The Walla! news site started to slant its media coverage in favor of Prime Minister Benjamin Netanyahu after site owner Shaul Elovitch received a study which found that more than two-thirds of the opinion pieces about the prime minister were hostile to him.
One senior writer stopped writing critical articles about Netanyahu following the growing pressure on the site. He wanted to keep his job. But even when he confined his barbs to the social networks, he was advised by one of his bosses to tone his tweets down.
“They have you in their crosshairs,” he was told, and he followed the advice.
According to the three-page study, which analyzed some 90 opinion pieces about the prime minister between December 2014 and the summer of 2015, more than two thirds were hostile to Netanyahu, some 20 percent were neutral and only a few were favorable.
Elovitch received the document from Communications Ministry director general Shlomo Filber in August 2015, a few weeks after Filber completed the Bezeq-Yes deal for him. It is not known who conducted the study.
At a later stage someone gave Elovitch two folders with the articles mentioned in the study. The message was clear: Toe the line. And Elovitch did. Since then Walla!’s articles section became more restrained. One exception was an article that criticized Netanyahu’s failure to do enough for animal welfare.
All this shows not only how strong Netanyahu’s hold on Walla! was, but also how the central players in the case acted to slant the media coverage in exchange for government steps in Bezeq’s favor. Netanayhu’s adviser, Nir Hefetz, served as Netanyahu’s courier for slanting the coverage. He was also asked to pass messages regarding the Communications Ministry’s regulation of Bezeq.
The court has already ruled that when Elovitch’s wife Iris acted to slant news coverage, “she was well aware of her actions’ significance. They were clearly aimed to gain achievements for the group.”

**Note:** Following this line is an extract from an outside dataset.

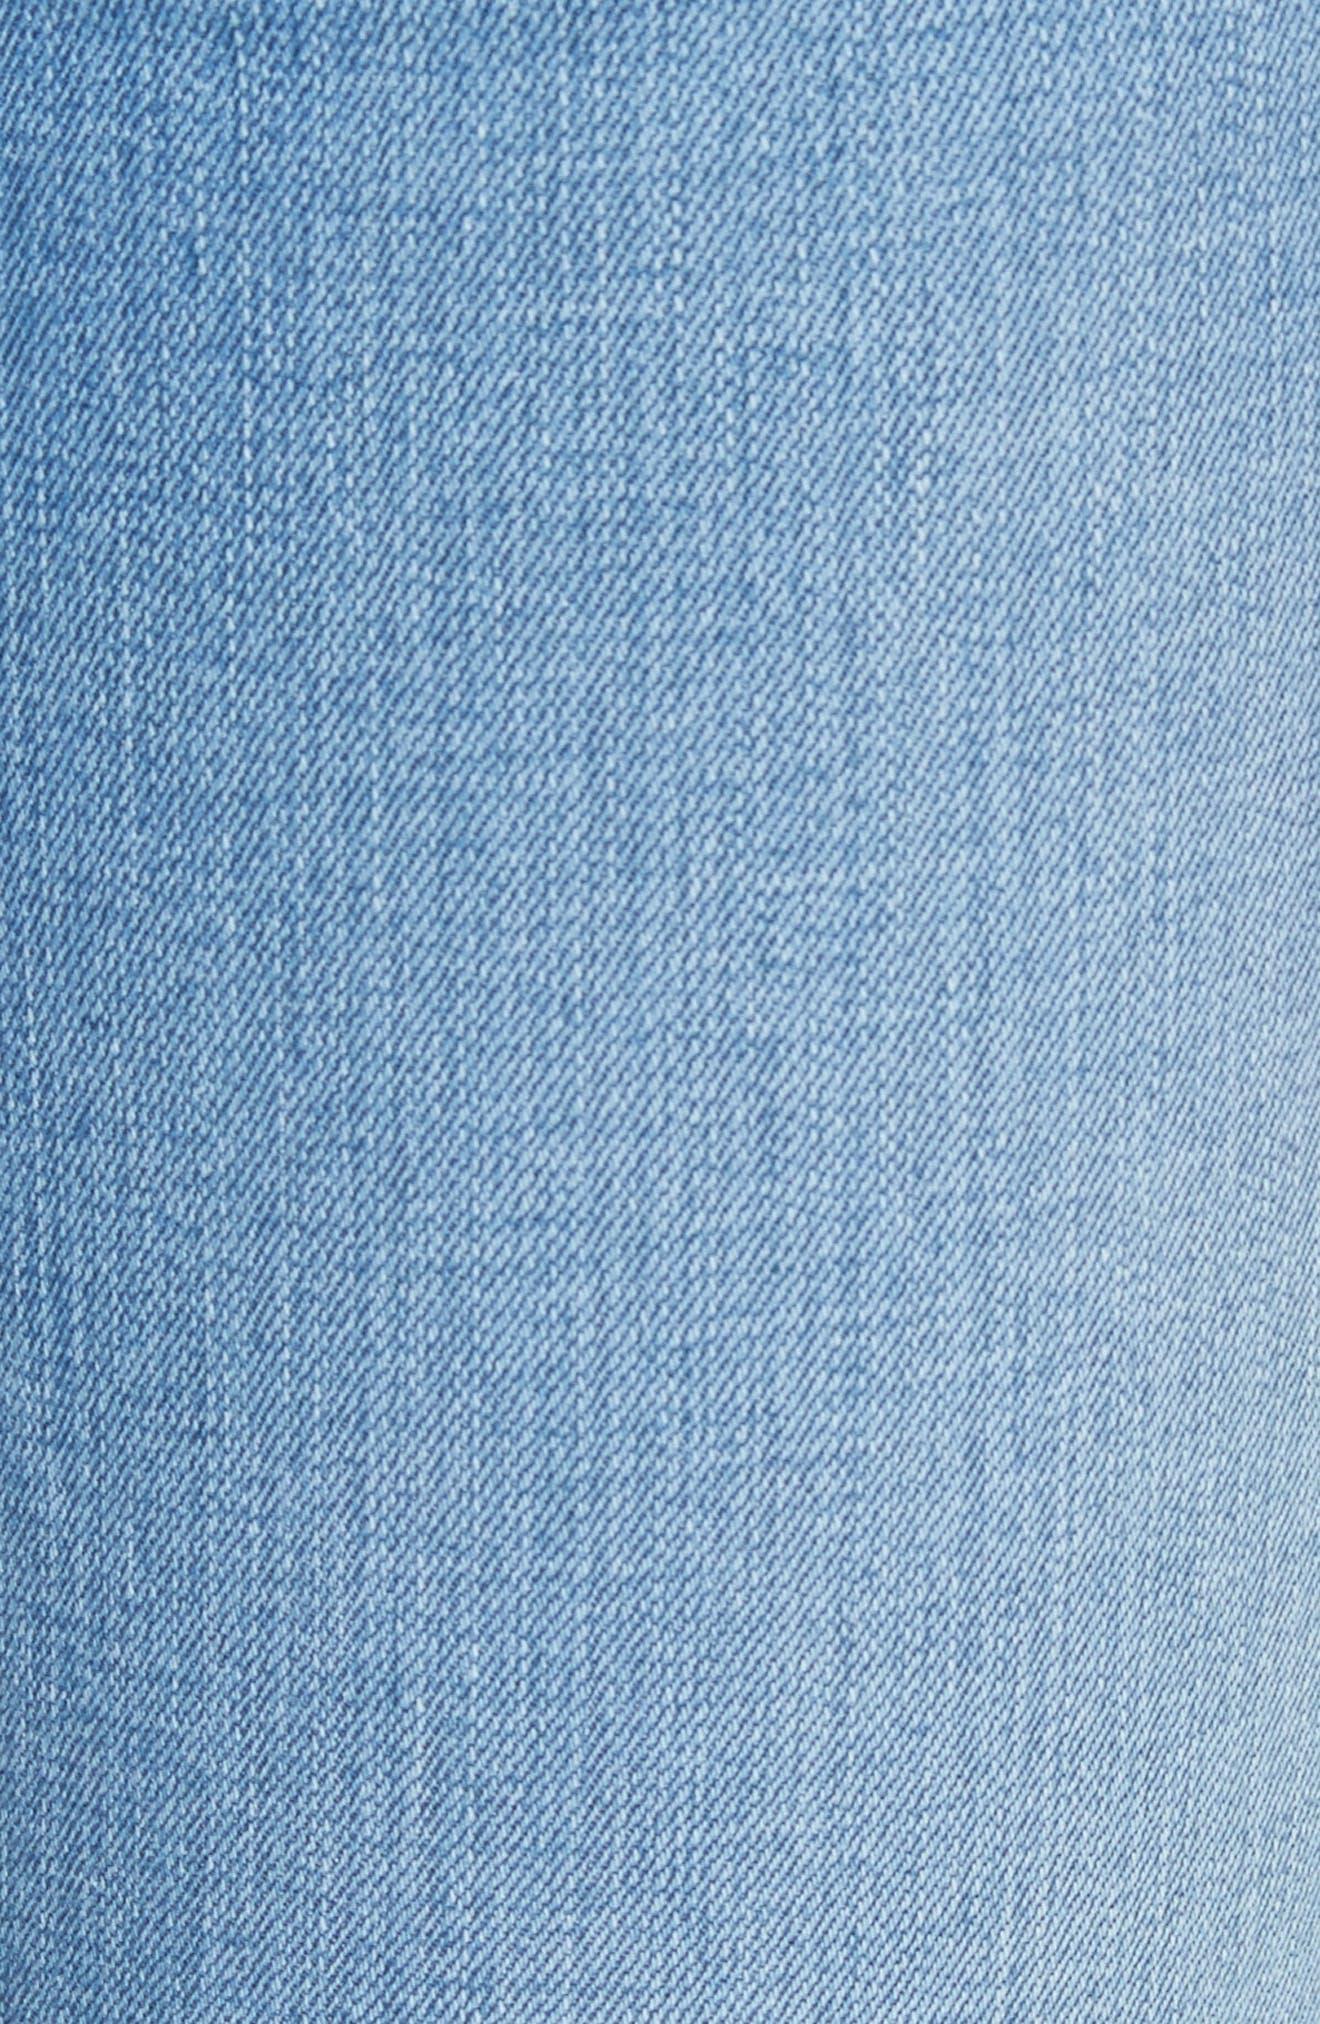 Raw Hem Capri Skinny Jeans,                             Alternate thumbnail 5, color,                             Levee

When Sara Netanyahu expected to receive favorable coverage from the site, she didn’t hesitate to link it to “what we’ve done for them.” Filber and Hefetz’s testimonies – as well as the proximity in time between Walla!’s mobilization on Netanyahu’s behalf in the election campaign and the government’s far-reaching move in Bezeq’s favor – show that these issues were related in Netanyahu’s thinking as well.
During the campaign, the prime minister was the main benefactor of the slanted coverage. After the election, Sara and elder son Yair were primarily involved in instructing Hefetz what to do.

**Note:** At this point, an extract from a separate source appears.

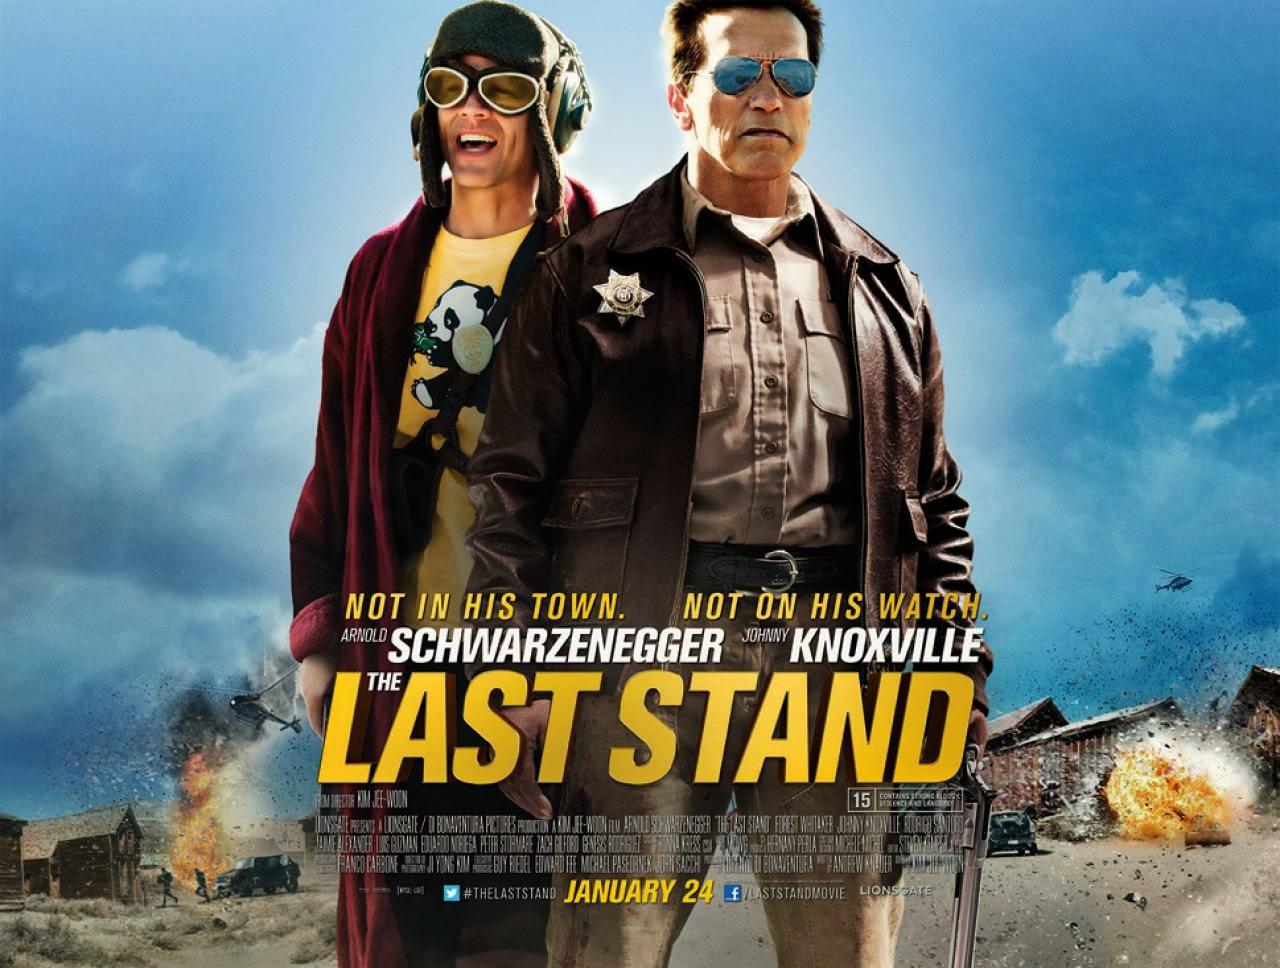 http://1.bp.blogspot.com/-6Naqt4-_Z44/UP1_JHIT8sI/AAAAAAAABAQ/JDXknsAxzWs/s1600/The-Last-Stand-Poster.jpg

Netanyahu keeps telling his confidants that he will see it as a resounding failure if Attorney General Avichai Mendlelblit indicts him. It is doubtful whether Mendelblit shares this feeling.
If Netanyahu indeed faces an indictment on the Bezeq-Walla! case, and looks back soberly, he will probably regret one crucial decision he made due to hubris: taking the communications portfolio for himself and appointing Filber director general.

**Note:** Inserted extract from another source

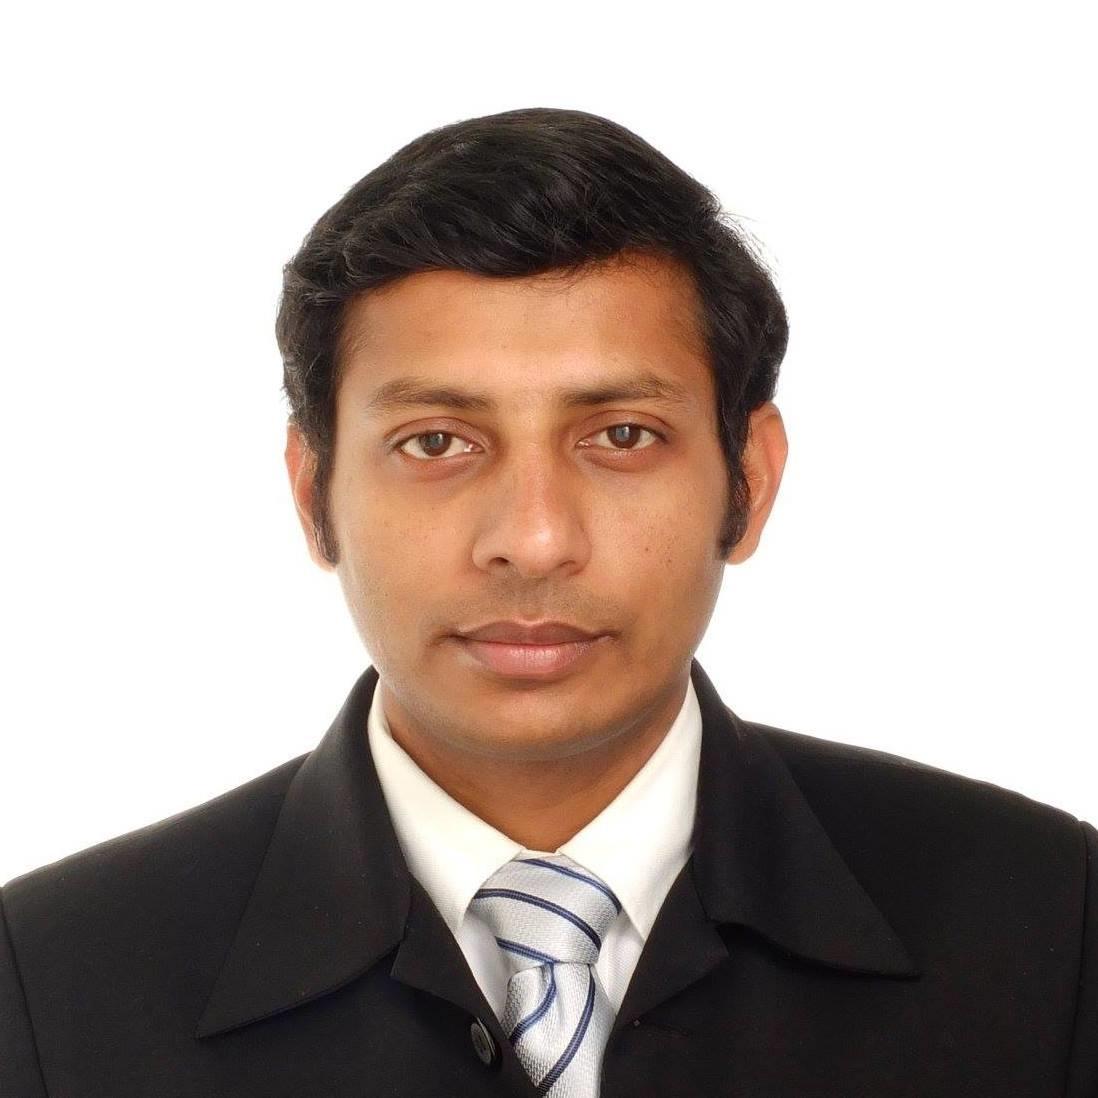 Portrait of Emran Ali

On the eve of the appointment, the evidence indicates, the boss tasked Filber with advancing a deal between Bezeq and Yes, both owned by Elovitch, for the benefit of interested parties. The deal dramatically improved the tycoon’s cash flow. Filber’s success exceeded all expectations: On June 23, 2015, a mere three weeks after his appointment, the deal was completed.
Netanyahu, who signed his approval to the deal that very day, now claims he was only routinely signing papers given to him for his signature. But the plot details suggest a different story, some of which were provided by Filber.
According to the suspicion, Elovitch knew very well why the prime minister had pushed to approve the Bezeq-Yes deal: Elovitch presented himself, in talks with senior Bezeq officials, as one of those responsible for Netanyahu’s election victory.
Netanyahu denies this thesis vehemently. This week, right after he was questioned by police, he claimed there had been “a flood of venomous reports” on Walla! all the way up to the eve of the March 17, 2015 election.
Law enforcement officials now see the Bezeq-Walla! case as the engine pulling the cigars-and-champagne and Yedioth Ahronoth-Israel Hayom cases. They understand that a crude slant of media coverage in favor of a politician is a gift, a perk, a bribe.
In response, Elovitch’s lawyer Jacques Chen said, “It takes a huge amount of restraint not to respond to the distortion of facts and lies given to us for response. Since a police investigation is taking place, we are prevented from doing so.”
The Prime Minister’s Office said: “We won’t respond to all the groundless claims made, but suffice to cite the reports released in the last few days that the prime minister not only didn’t get favorable coverage in Walla!, but the reverse – the coverage was hostile to him. The hostility increased in the days before the 2015 elections, and the report that the Bezeq-Yes deal was signed on the recommendation of the Communications Ministry’s legal adviser is enough to understand that the case is collapsing.”